(Source data)

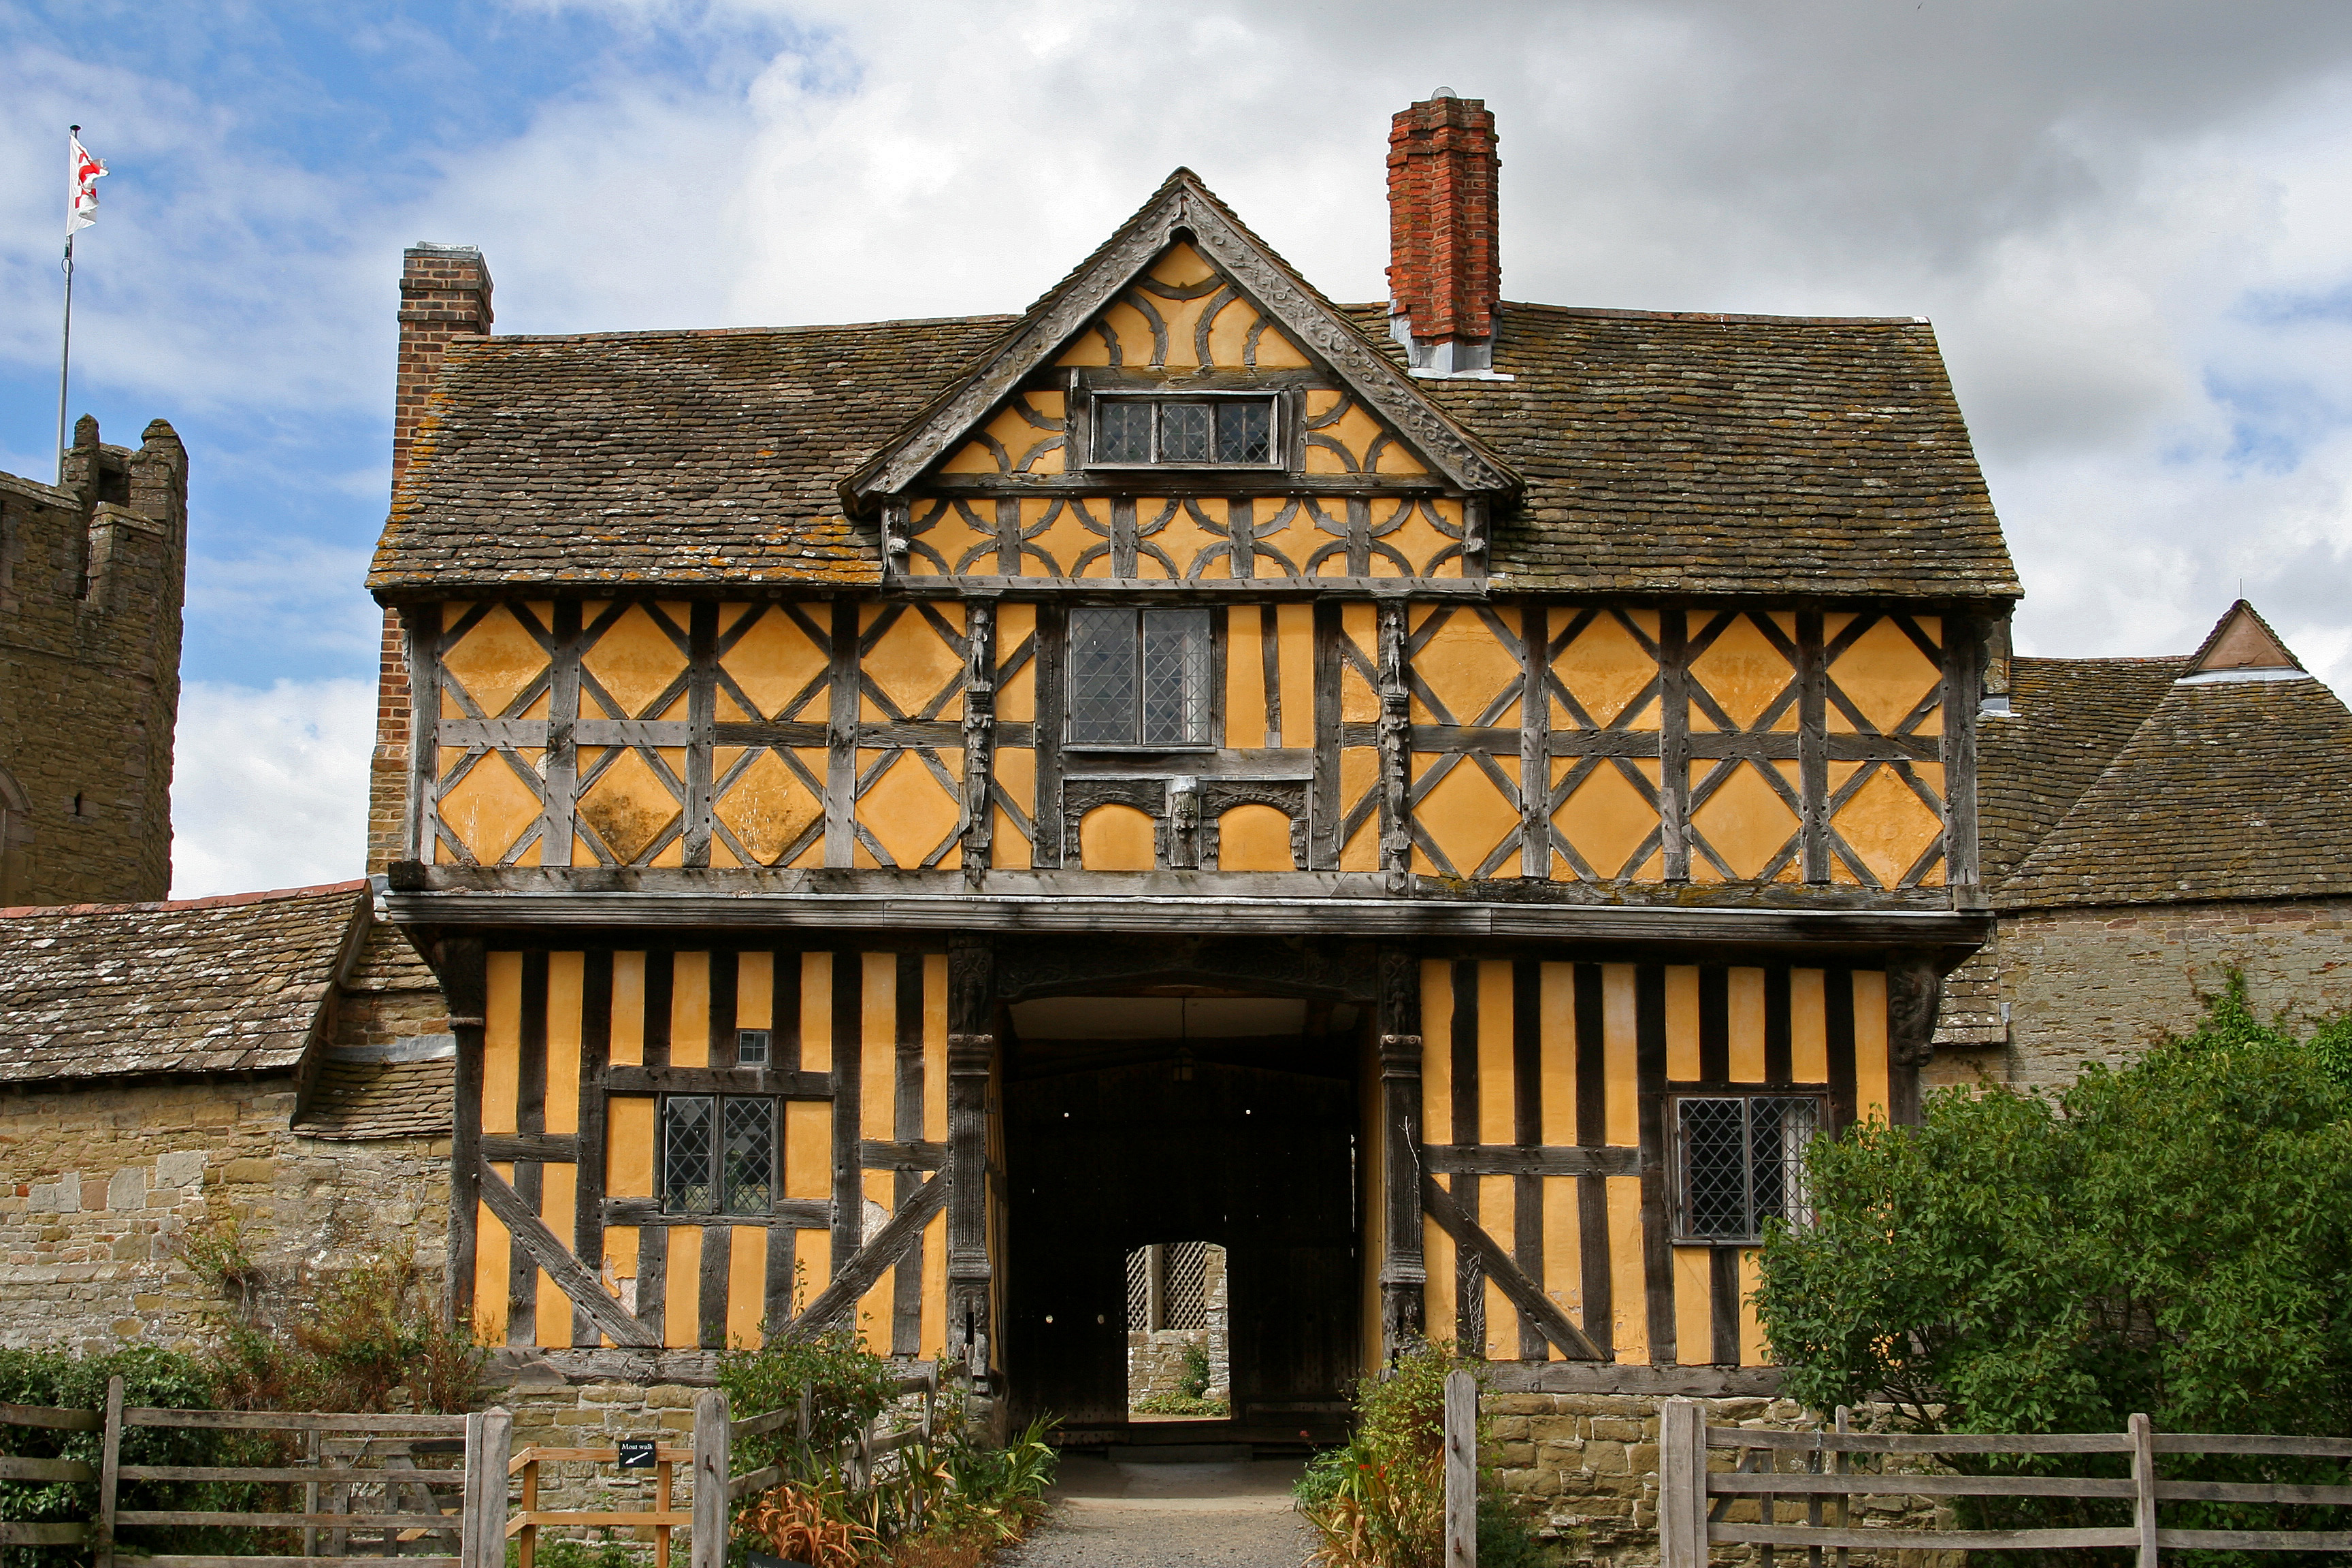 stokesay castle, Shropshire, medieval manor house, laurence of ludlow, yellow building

(End Source data)
(Source data)

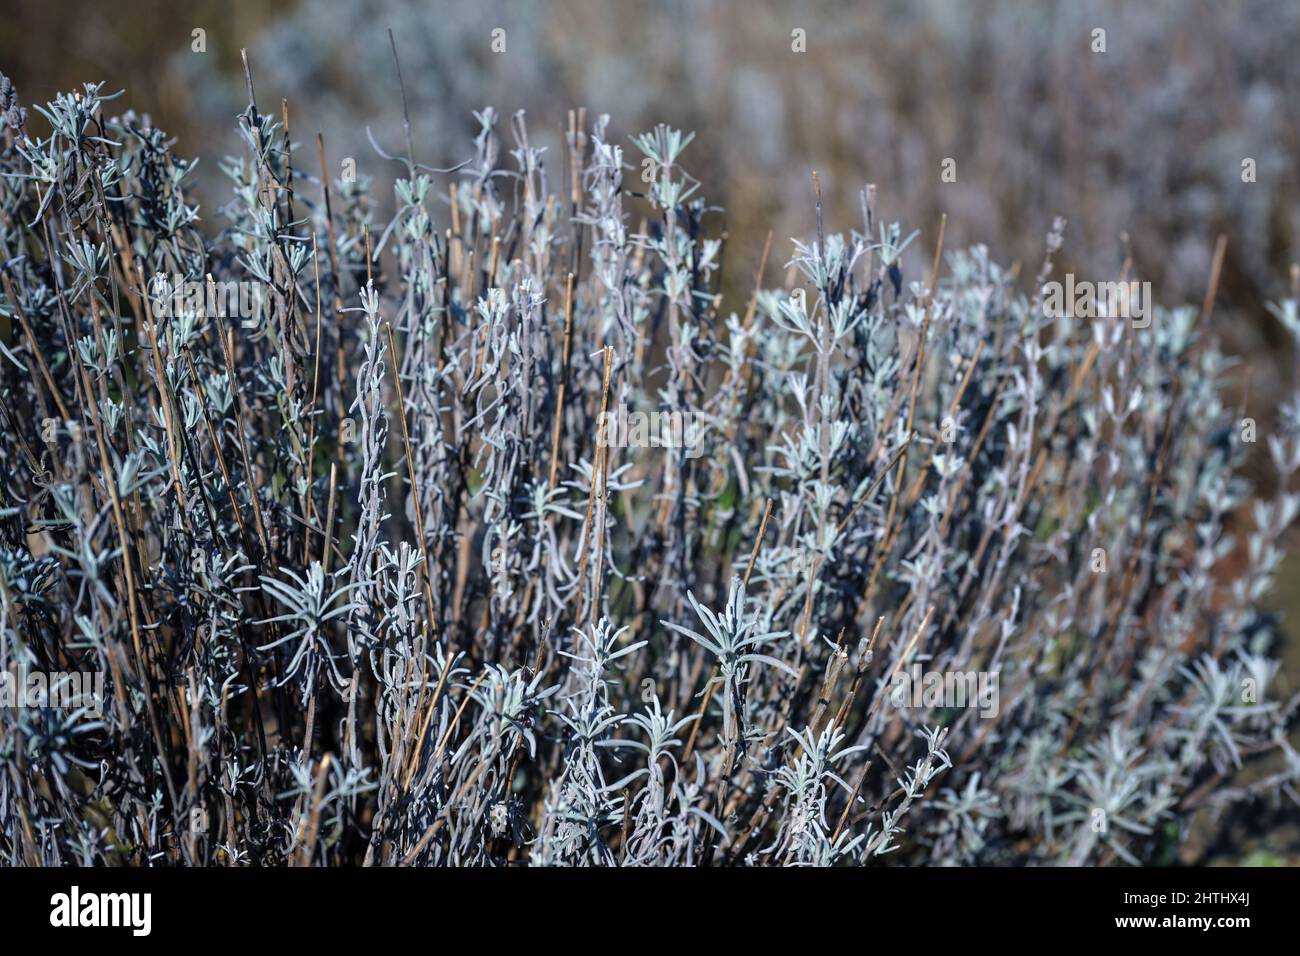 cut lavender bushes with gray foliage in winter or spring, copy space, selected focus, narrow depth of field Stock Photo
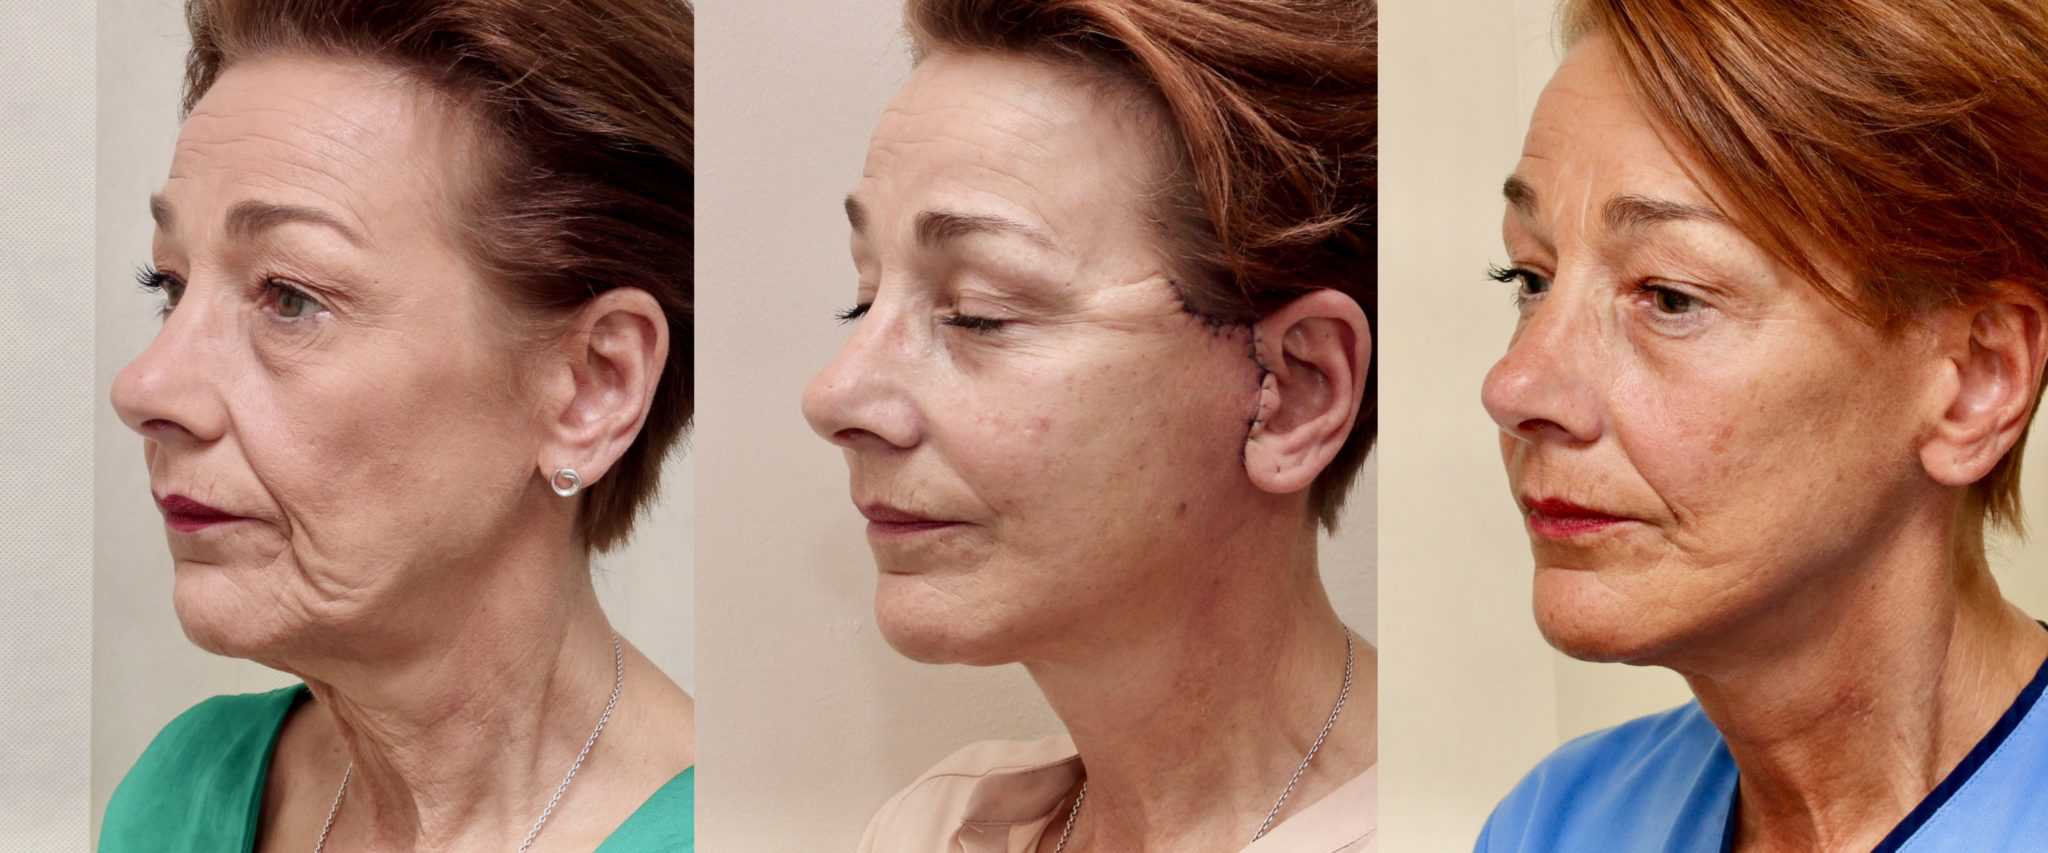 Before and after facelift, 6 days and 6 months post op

(End Source data)
(Source data)

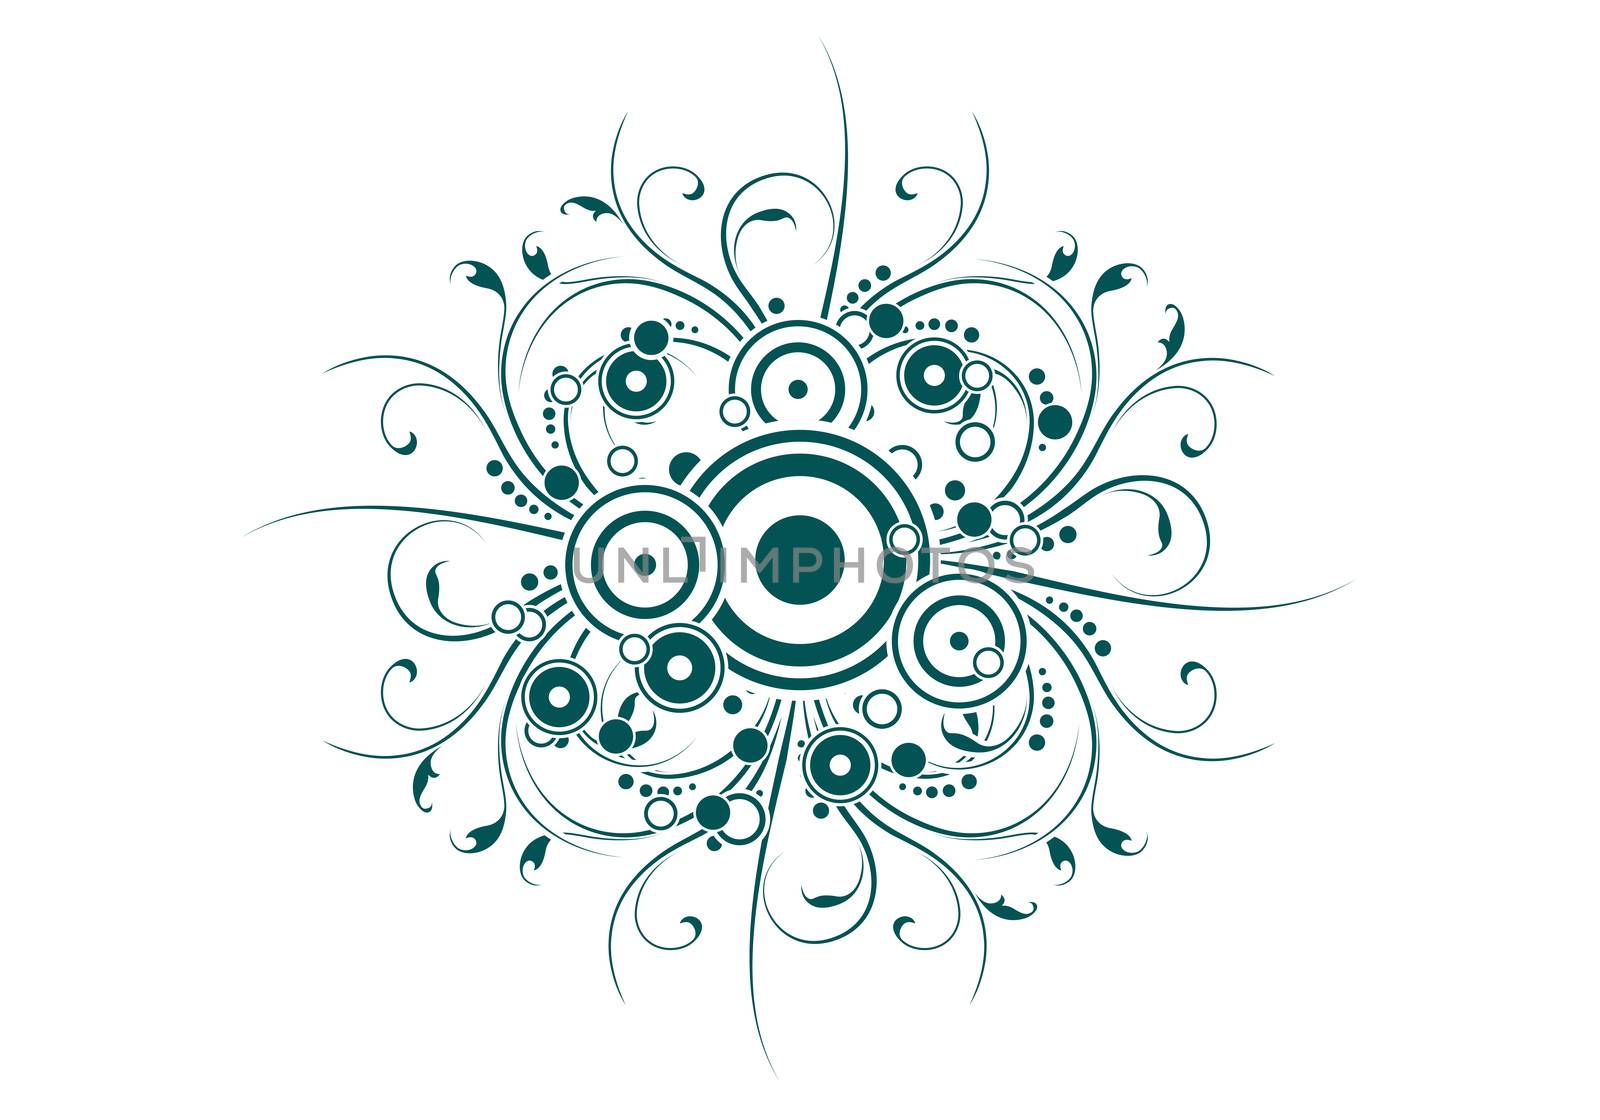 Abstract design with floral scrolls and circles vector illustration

(End Source data)

**Work to be completed:**
Transcribe only the lines above that start at the line containing "cut lavender bushes" and end at the line containing "Before and after". Omit pictures.

**Task output:**
 cut lavender bushes with gray foliage in winter or spring, copy space, selected focus, narrow depth of field Stock Photo
 Before and after facelift, 6 days and 6 months post op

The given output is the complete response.